Our analysis of preganglionic neurons in the spinal cord is in general agreement with studies in the rat39, 46 and Siberian hamster,44 which all report the stellate ganglion as a major contribution to the sympathetic innervation of the iBAT. However, our data highlight the regional distribution of PRV labeling within the stellate ganglion and the lack of PRV labeling in the dorsal pole. Furthermore, we clarify that thoracic ganglia from the stellate until T5 significantly contribute to iBAT innervation, with scattered PRV labeling in T6/T7 and no contribution was observed below T8 chain ganglia, contrary to a report by Nguyen et al.44 We also clarified that the prevertebral celiac ganglion did not innervate iBAT, which has been recently suggested as the main innervation site of adipose tissue.47 Our study is also the first to investigate systematically the anatomical extent of preganglionic iBAT innervating neurons in the IML (levels T2–T6).

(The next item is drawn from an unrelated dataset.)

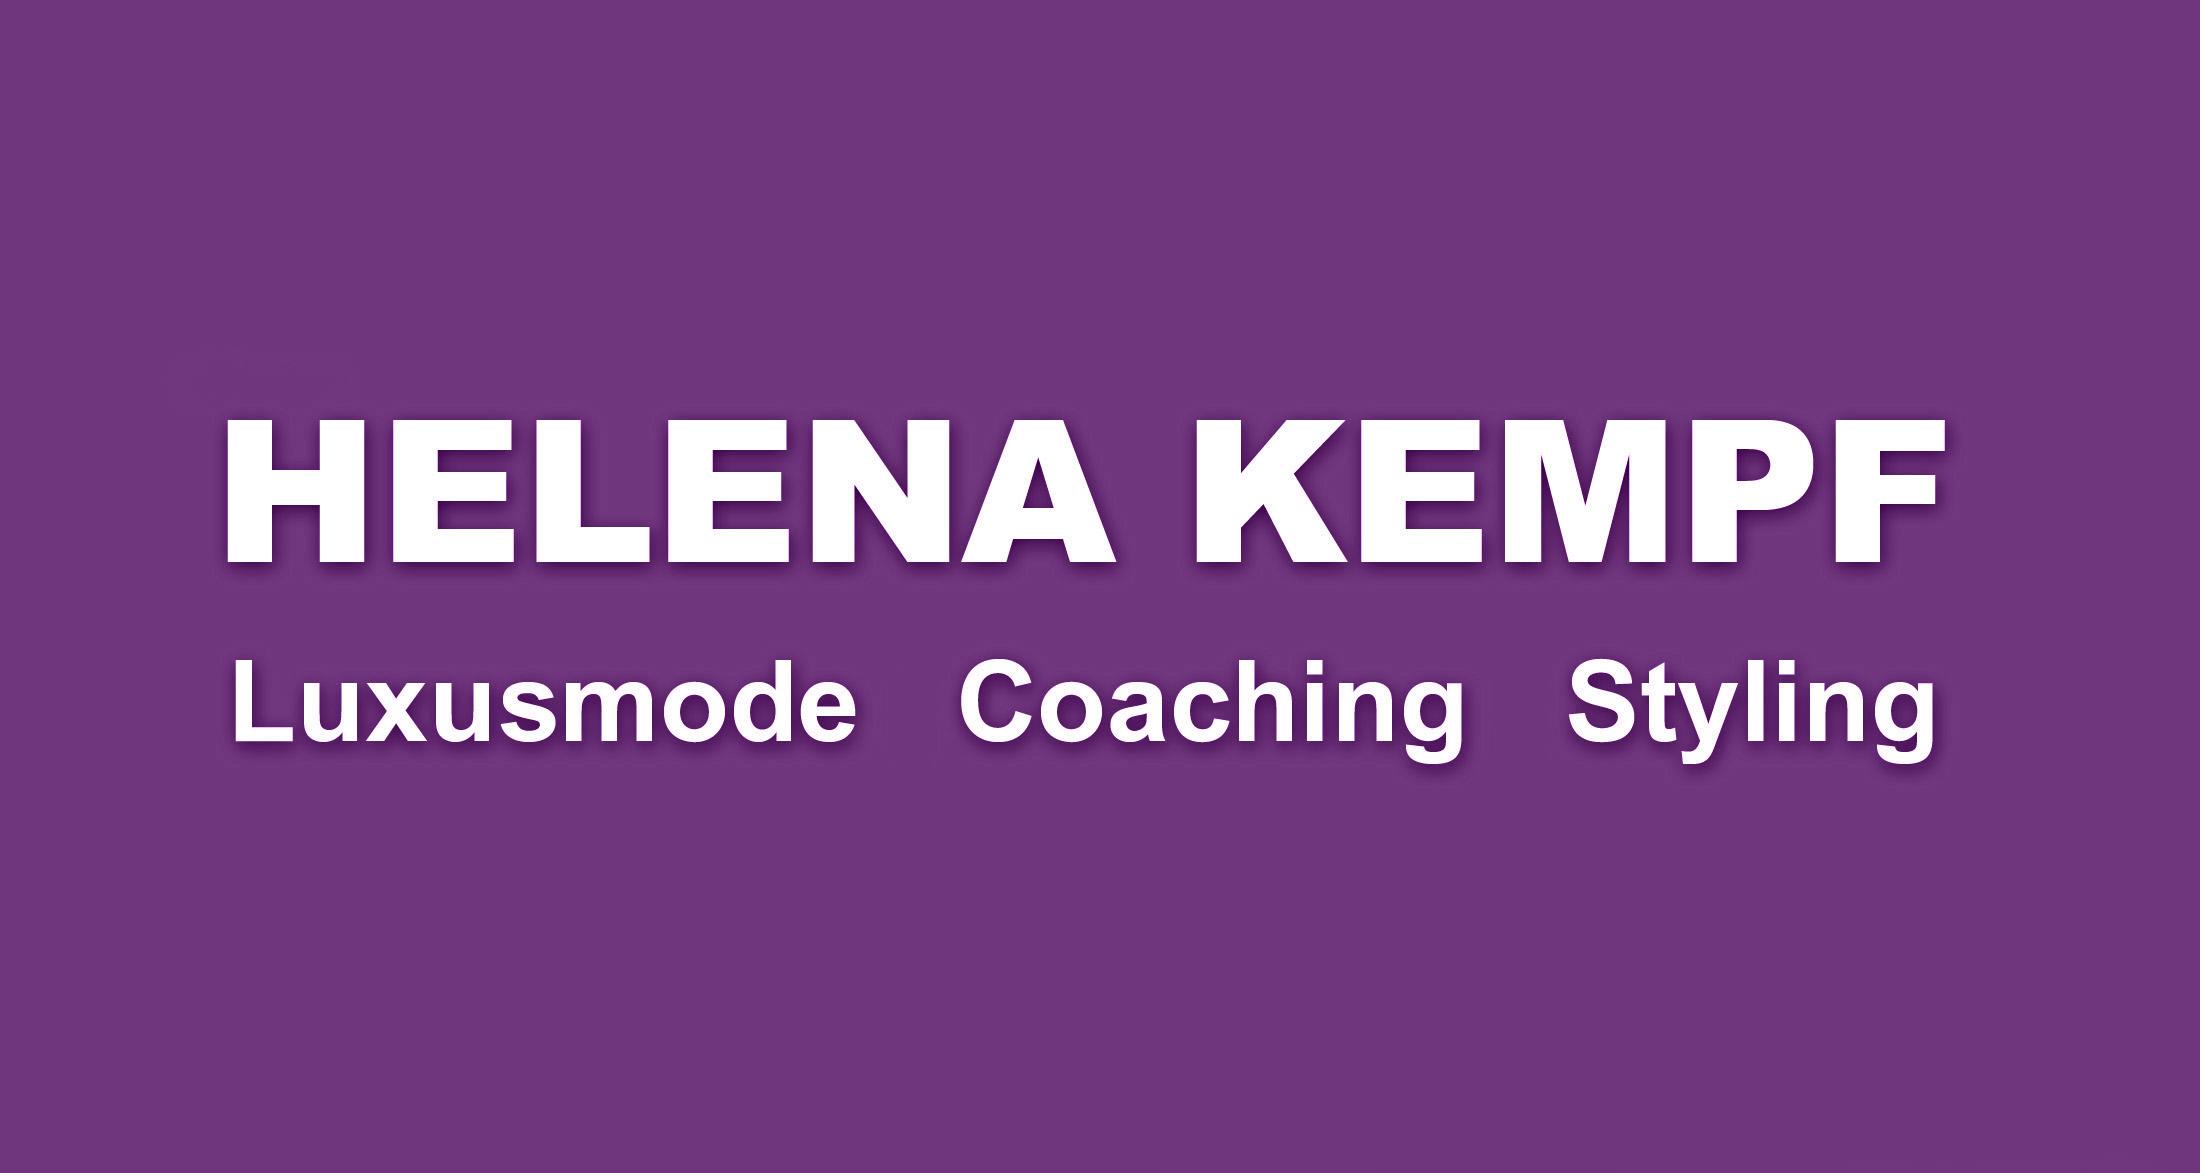 Helena Kempf Couture Moden Designermode Obernburg Aschaffenburg
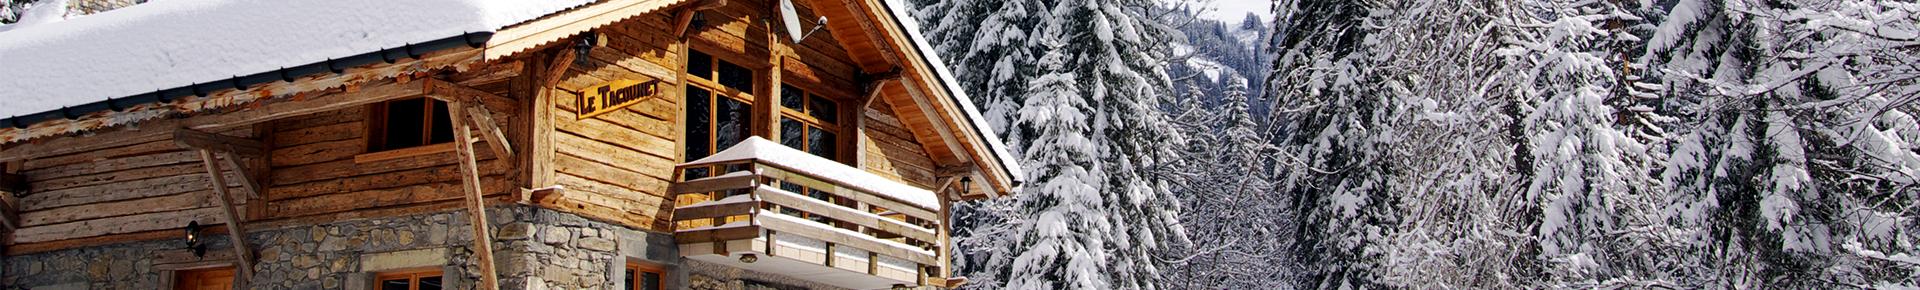 Hébergements d'hiver en Vallée d'Aulps

Our study demonstrates the usefulness and points out some caveats of genetically altered mouse models for the analysis of ANS functional anatomy that should be very helpful for other studies. The TH‐IRES‐Cre knock‐in and the transgenic Dbh‐Cre mice were both useful reporter driver in the SNS, while the transgenic TH‐Cre mouse resulted only in sporadic cell bodies with reporter expression throughout the thoracic chain ganglia, which requires consideration when choosing Cre‐driver lines for studies in peripheral sympathetic nerves. However, with appropriate Cre‐driver lines, the red fluorescent signal in the reporter mice was strong enough to guide dissection of any component of the SNS in fresh or formalin perfused preparations under a fluorescent stereomicroscope. Other methods that have been used in the past are IP injections of Fluoro‐Gold^TM,48 which label all neurons of the peripheral nervous system (sympathetic, parasympathetic, and sensory) in rats and mice,48, 49 but genetic approaches hold promise for a better distinction of sympathetic, parasympathetic, sensory, and enteric nervous system components and do not require dissection under harmful UV light.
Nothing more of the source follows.